Ringfort (Rath), Parsonstown, Co. Westmeath
Co. Westmeath |
Ringforts
On a gentle east-facing slope in County Westmeath, the outline of an early medieval settlement survives with enough clarity to read almost like a diagram of how people once chose to live.
The site is a rath, the Irish term for a ringfort, which was the most common form of rural settlement in Ireland from roughly the fourth to the twelfth centuries. Most were homesteads, enclosing a family's dwelling and outbuildings within a raised earthen ring. This one at Parsonstown is larger than many, with a roughly sub-circular enclosure measuring approximately 42 metres north to south and 37 metres east to west.
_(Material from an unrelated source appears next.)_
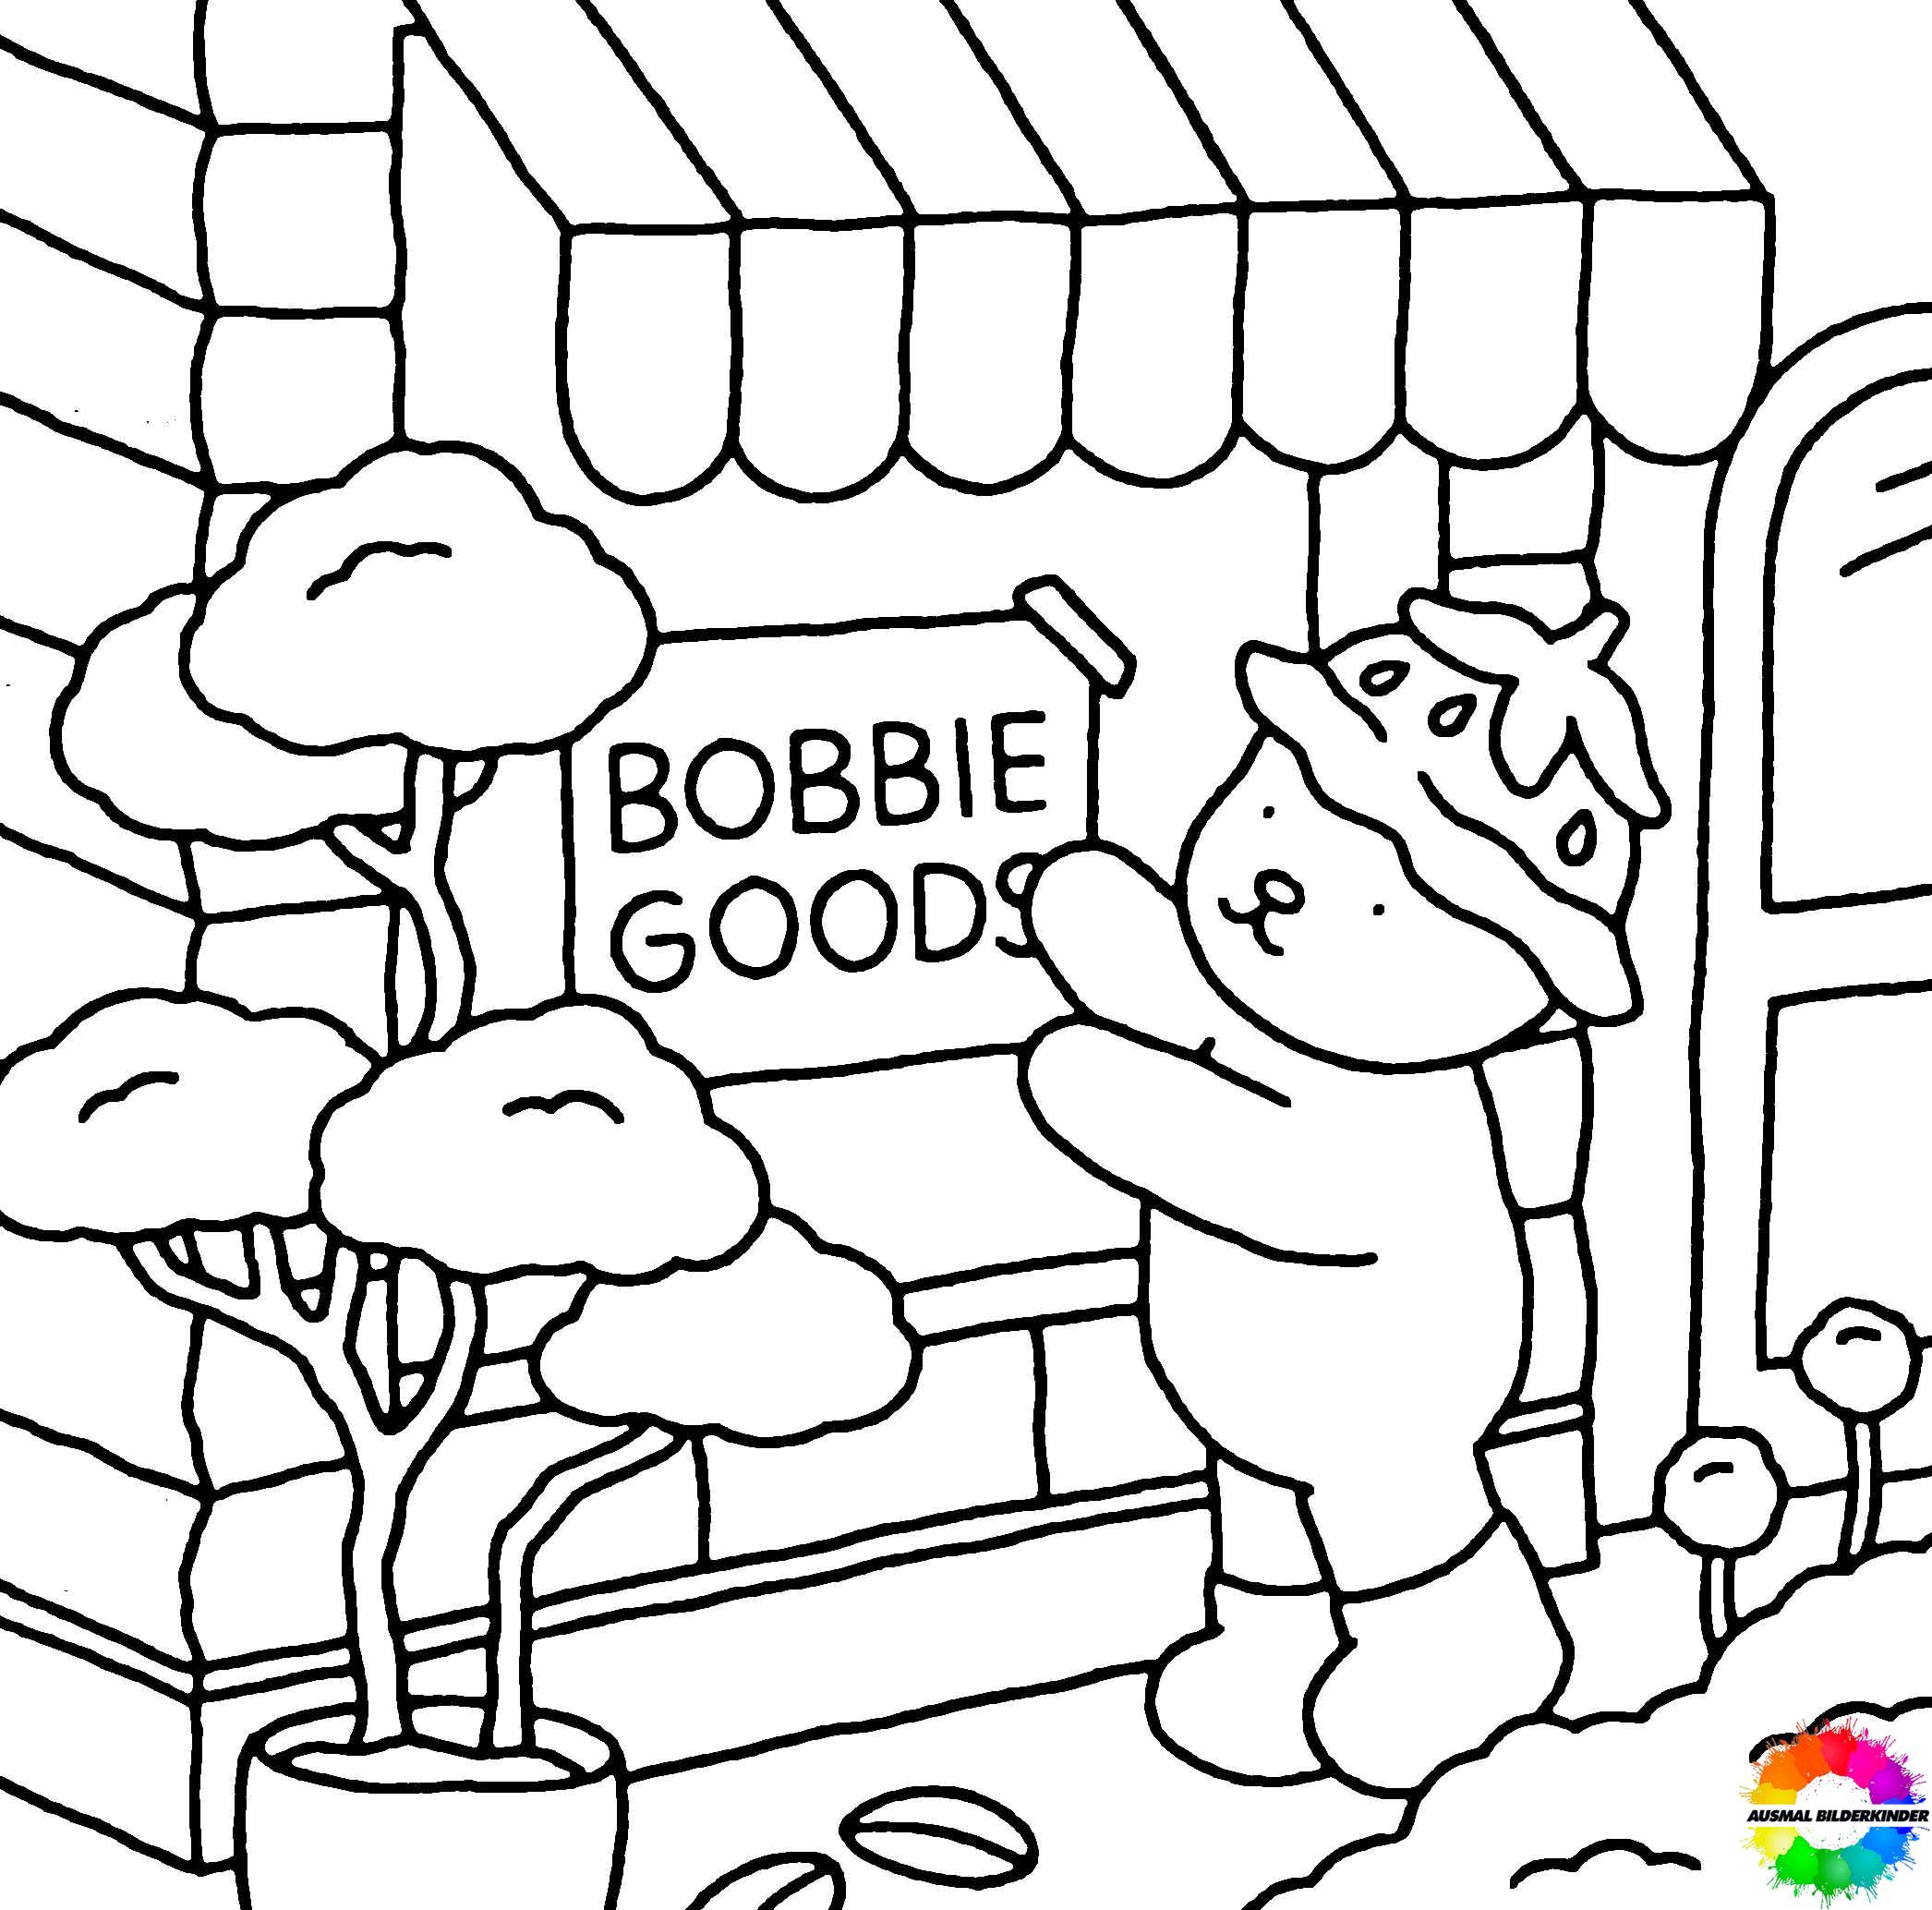 Bobbie Goods 45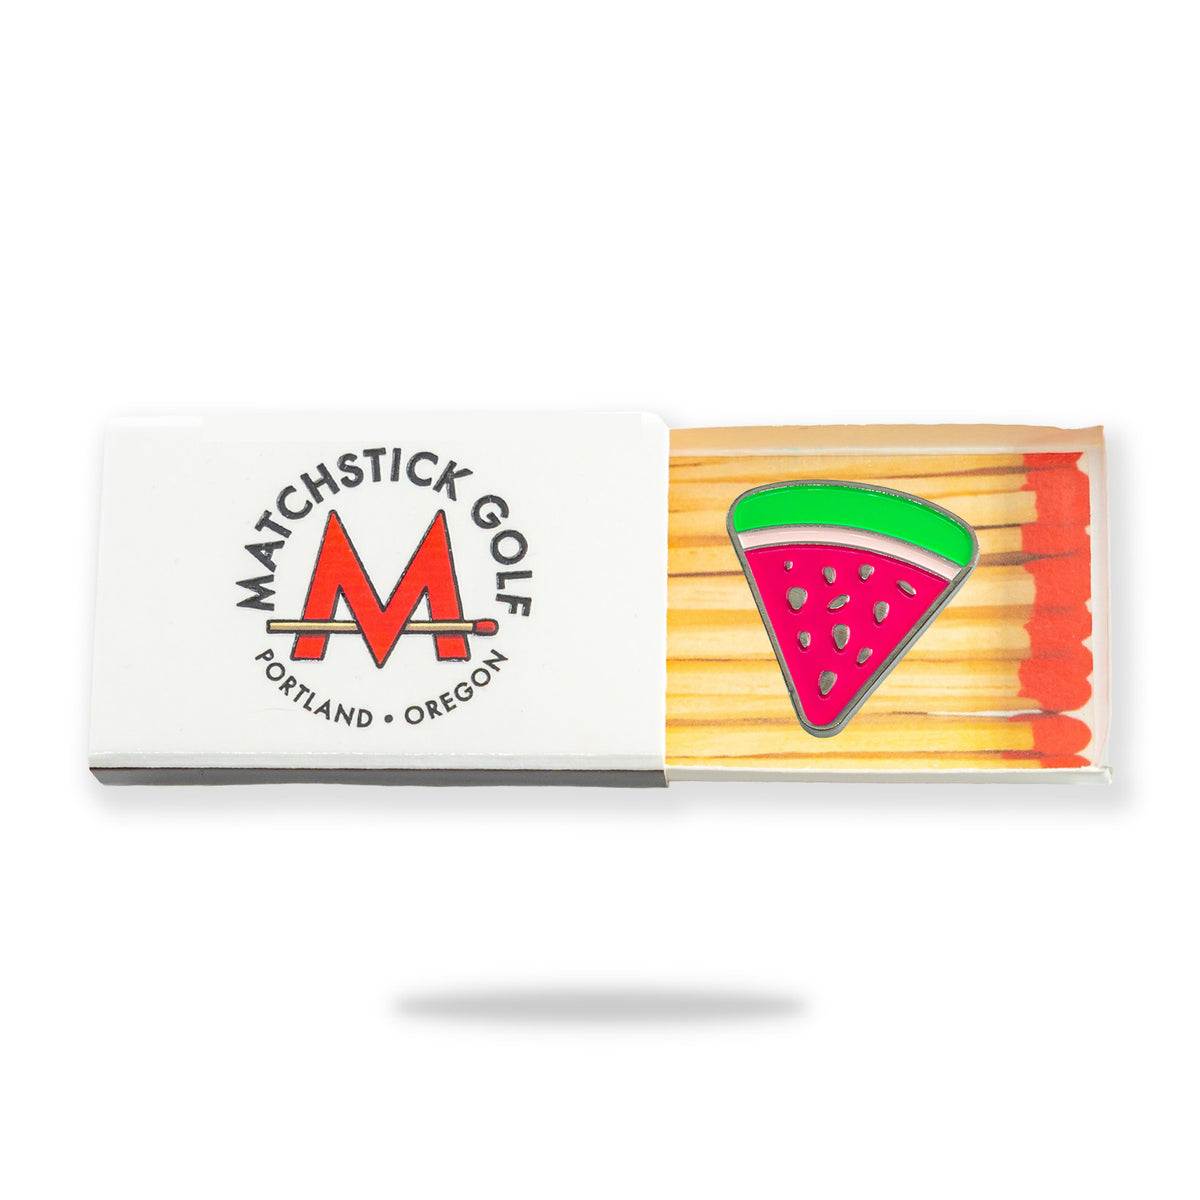 watermelon slice golf ball marker matchstick matchbox packaging

What survives here is a double-banked example, meaning two earthen banks encircle the interior with a fosse, or ditch, running between them. The inner bank remains substantial, though it carries several gaps along its circuit. The fosse itself has been partially absorbed into later field boundaries, and in those sections it appears to have been artificially steepened, its original profile altered by whoever set the field fences. The outer bank is considerably lower. At the eastern side, a narrow entrance gap roughly two and a half metres wide is accompanied by a slight causeway crossing the fosse, the original threshold of the enclosure still legible in the ground. Inside, faint traces of cultivation ridges run across the sloping interior, suggesting the enclosed space was put to agricultural use at some point after the ringfort fell out of residential occupation. Two modern field fences cut across the monument, one running north to south across the western side and another east to west across the southern portion, the working landscape of later centuries laid directly over the earlier one. A second ringfort lies approximately 125 metres to the north-east, a reminder that such sites were rarely isolated; families and communities clustered within sight of one another across the Irish midland countryside.